For access to the script used to clean this data, use the following link: DropBox Link

Below is an overview of the steps taken in order to prepare the data.

  • Loaded libraries:
    • dplyr
    • magrittr
    • RJSONIO
    • rlist
    • lubridate
    • WDI
    • ggplot2
  • Select variables of interest. See Variables of Interest.
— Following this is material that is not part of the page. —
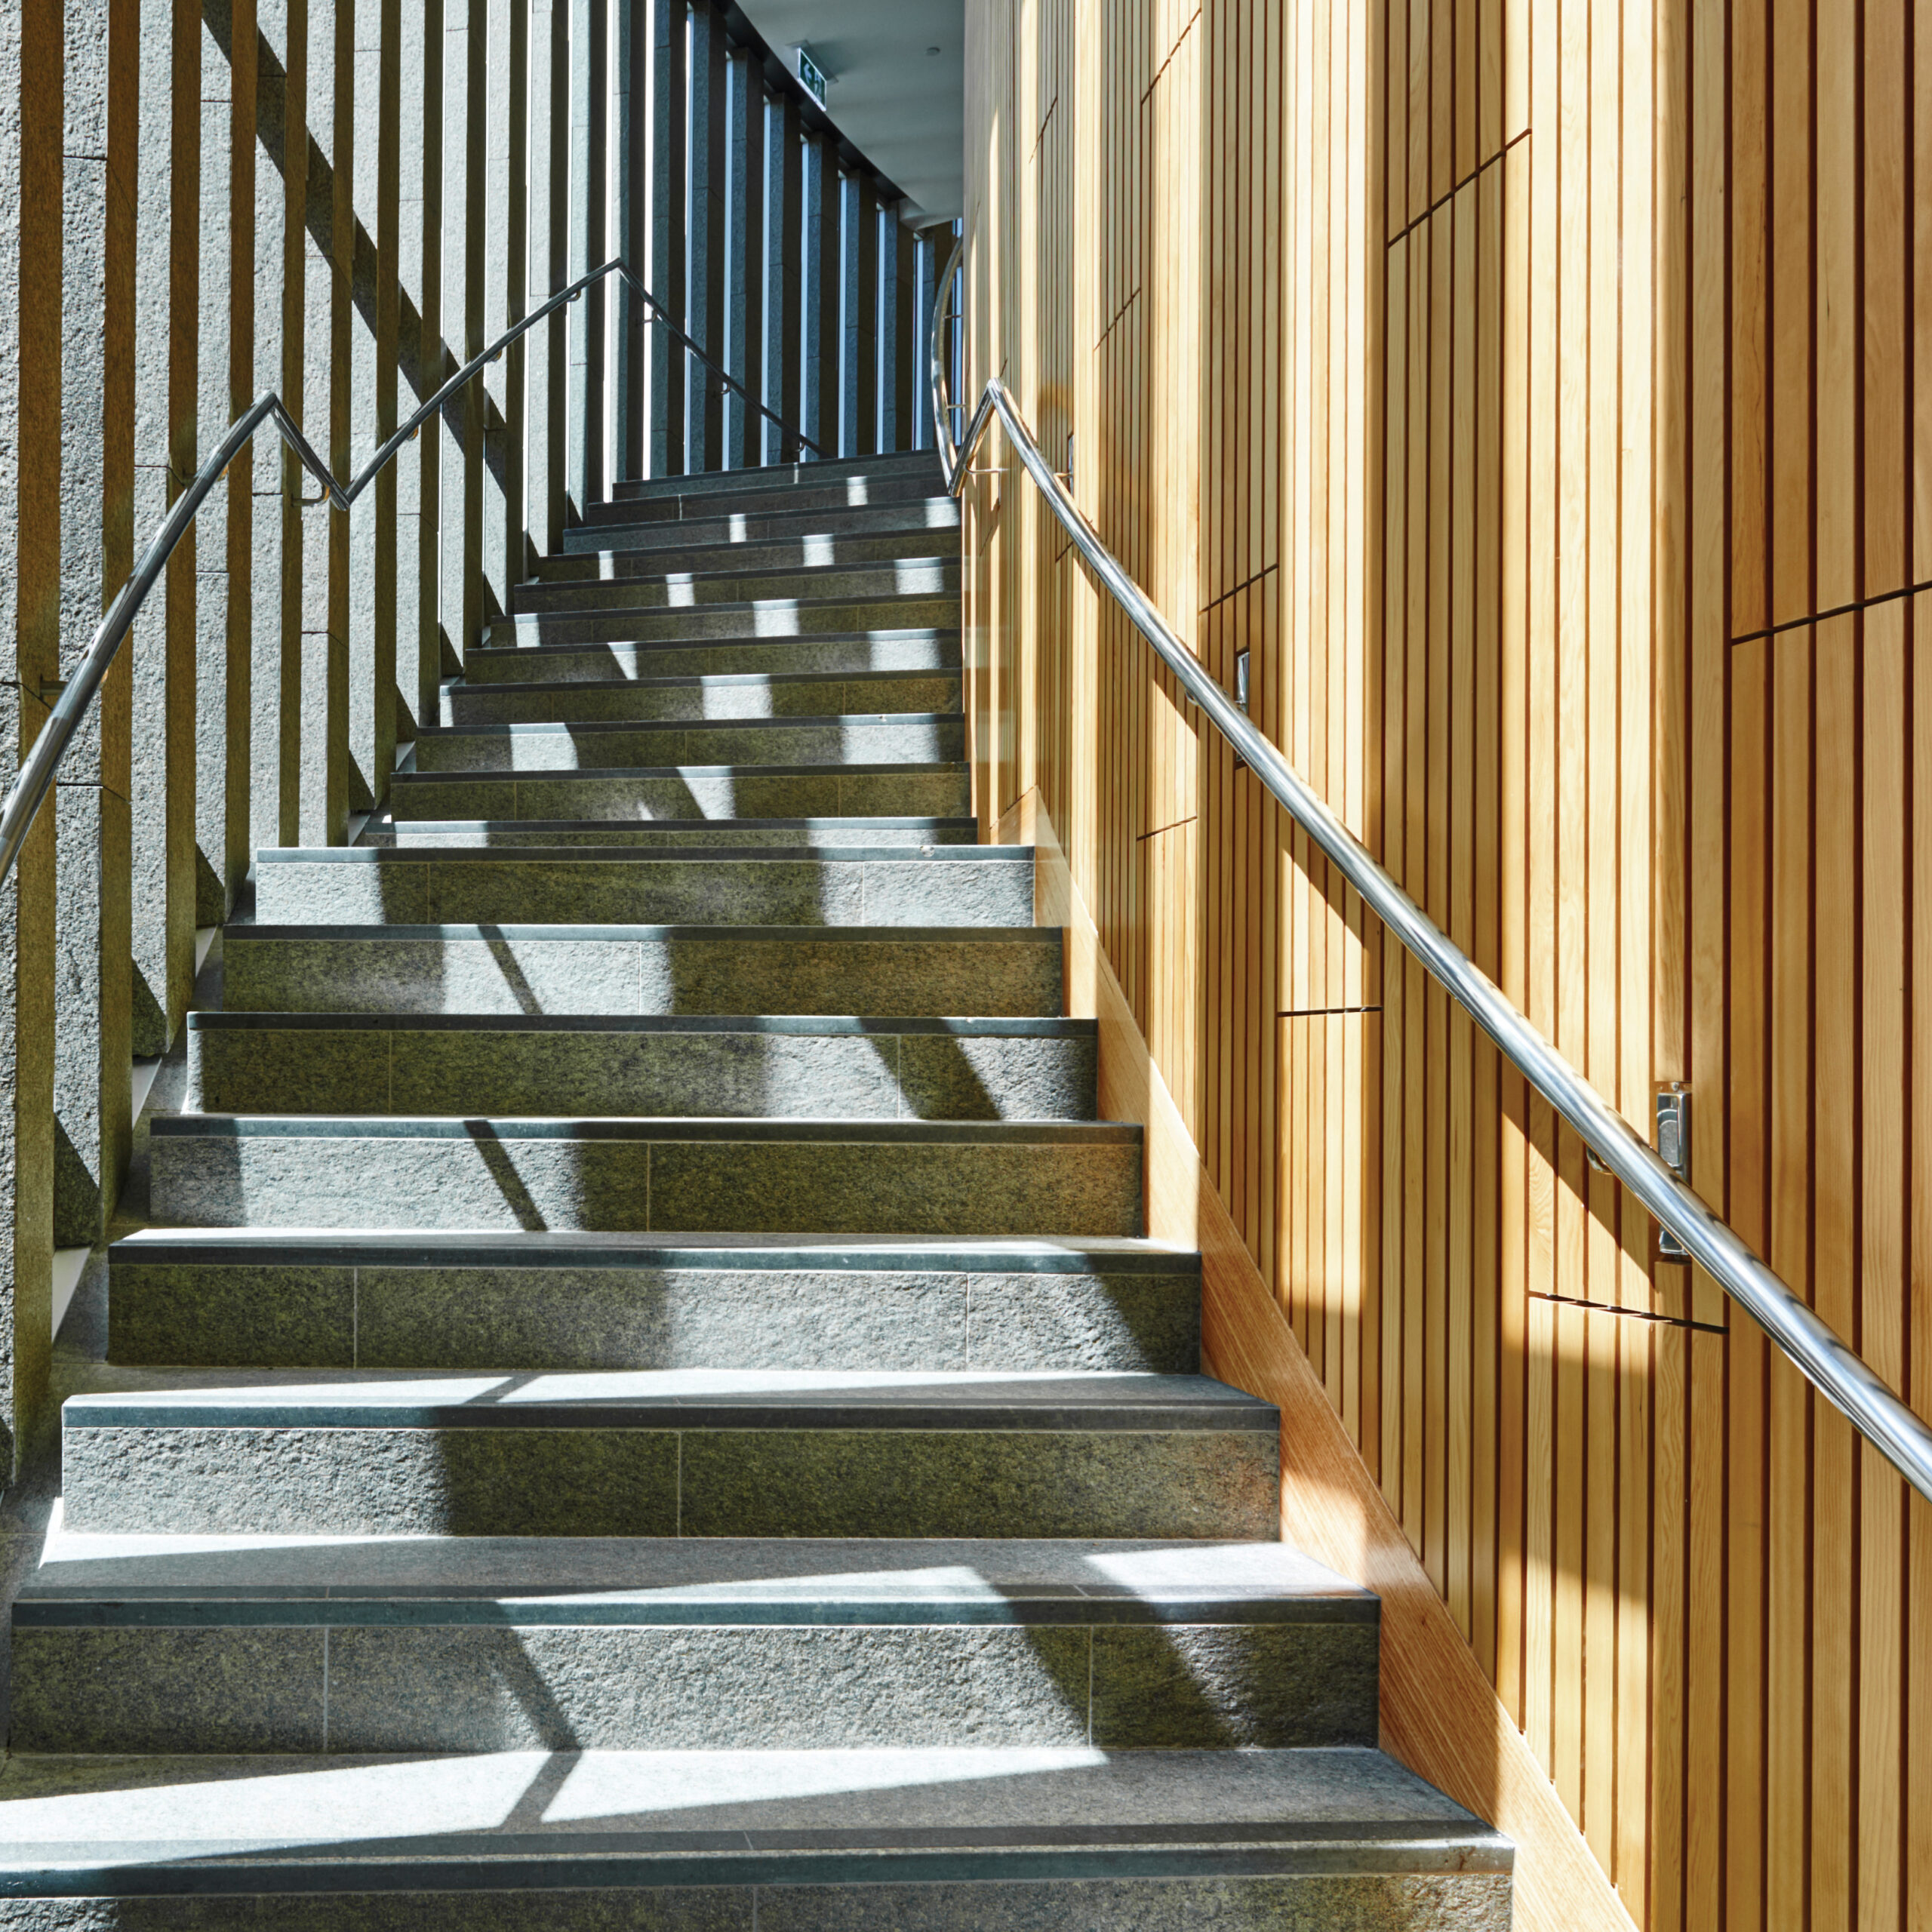 sound absorbing Timber panel in stairwell

  • Load the three raw data sets from Kiva.org and limit the data to only the variables of interest.

  • Bind data sets into one, called kiva.wdi.df.
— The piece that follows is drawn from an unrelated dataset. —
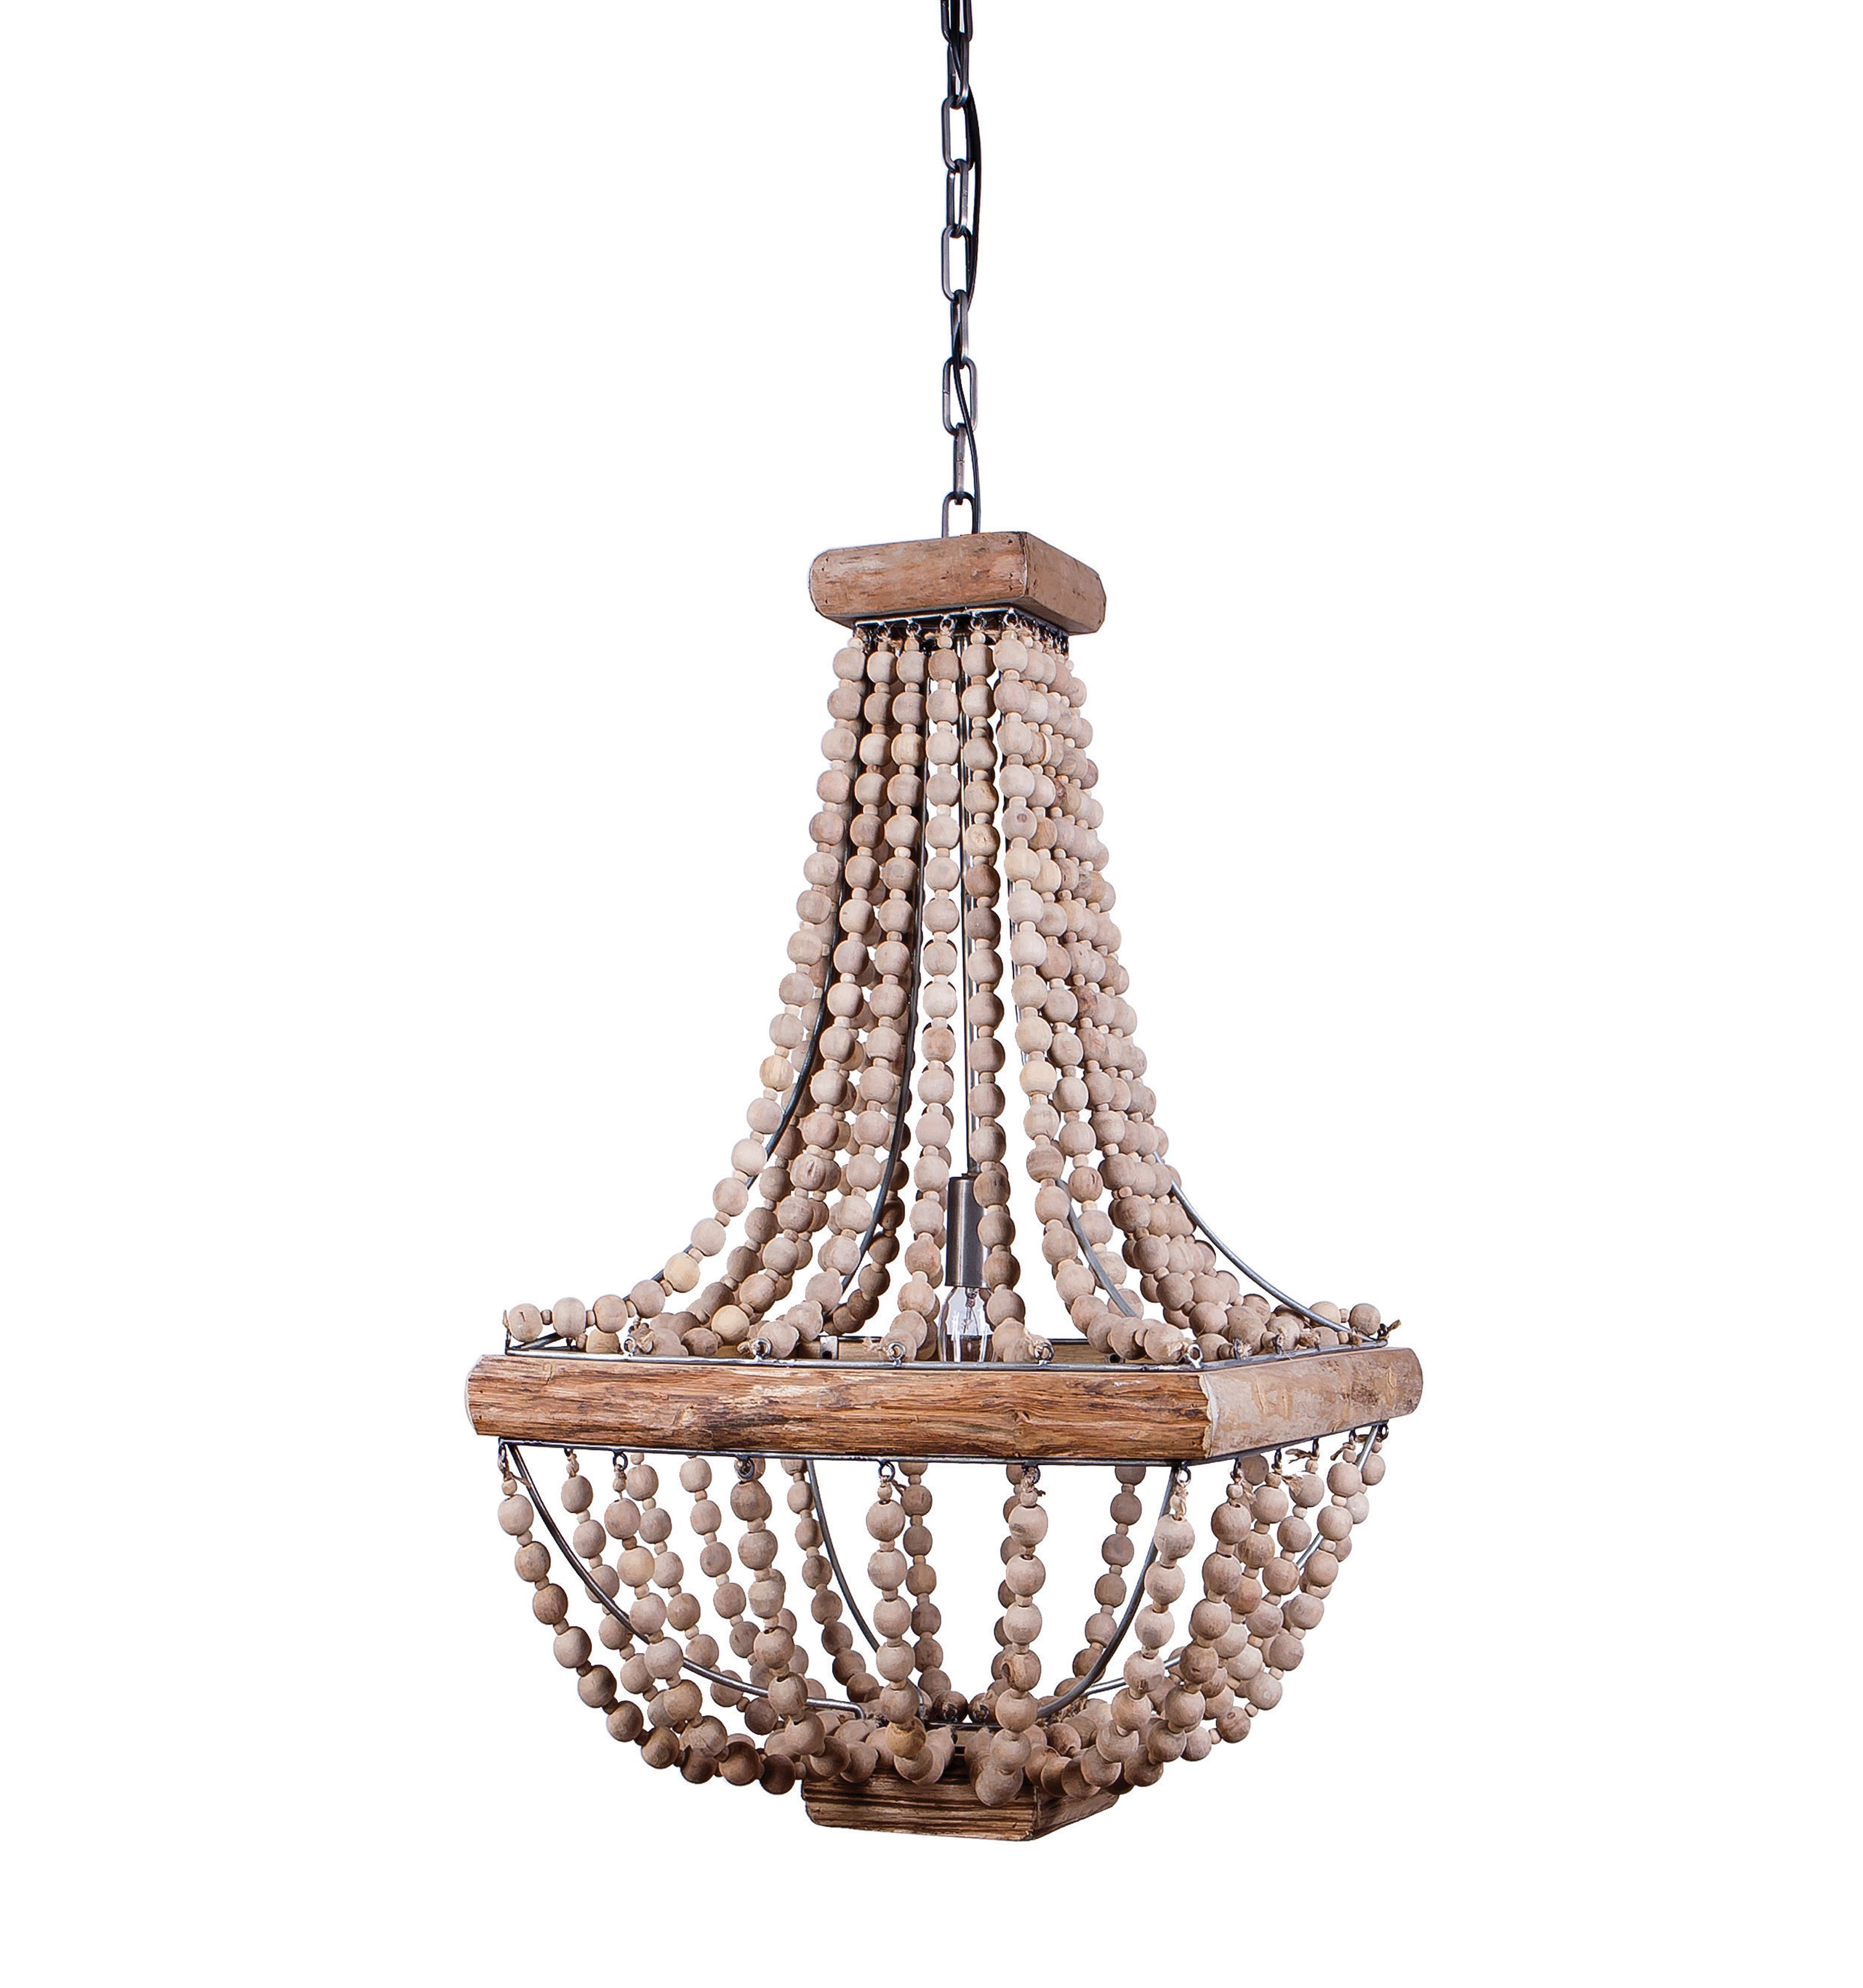 Wood & Metal Framed Chandelier with Wood Bead Draping - Image 0

  • Save the resulting data frame to a file. This is the data frame that will be used for the analysis and research contained in this report.

Analysis

Loan Amount and Country

The following code creates a world map to illustrate the number of loans that come from each country.

library(choroplethr)
library(choroplethrMaps)
# Sum total loans per country on map.
country.df <- select(kiva.wdi.df, country_code, loan_amount) #Handpick variables
data(country.regions) #Import country naming convention required
sumloan.df <- aggregate(country.df$loan_amount, by=list(country.df$country_code), FUN=sum) #Group by country and sum loan amount
colnames(sumloan.df)[1] <- "iso2c" #Rename country code to facilitate merge
colnames(sumloan.df)[2] <- "value" #Rename sum to value (required by choropleth)
goodData.df <- merge(sumloan.df, country.regions) #Merge dataframes
goodData.df <- goodData.df[,-1] #Remove country code
gg <- country_choropleth(goodData.df,
                   title = "Kiva Loan Totals",
                   legend = "$",
                   num_colors=1) #Build plot
gg + scale_fill_continuous(low="#eff3ff", high="#084594", na.value="grey")

Findings

  • The darker shades of blue indicate a higher number of loans. As can be seen, the majority of loans come from South America, Africa, and Southeast Asia.

Loan Amount and Gender

The following code creates a violin plot to show the distribution of loan amounts by gender.

#Choose data from column gender and loan_amount in loan.df to loan_gender data frame
loans.df %>% select(gender, loan_amount) -> loan_gender  
loan_gender <- na.omit(loan_gender) #Remove N/A

#Create violin plot
loan_gender2 <- ggplot(loan_gender, aes(x=gender, y=loan_amount))
loan_gender2 + geom_violin() + scale_y_continuous(limits=c(0,3000))

Findings

  • The plot for females has a more triangular shape that is much wider near the bottom. On the other hand, then plot for males has a more even distribution. This indicates that women tend to take out smaller loans compared to men.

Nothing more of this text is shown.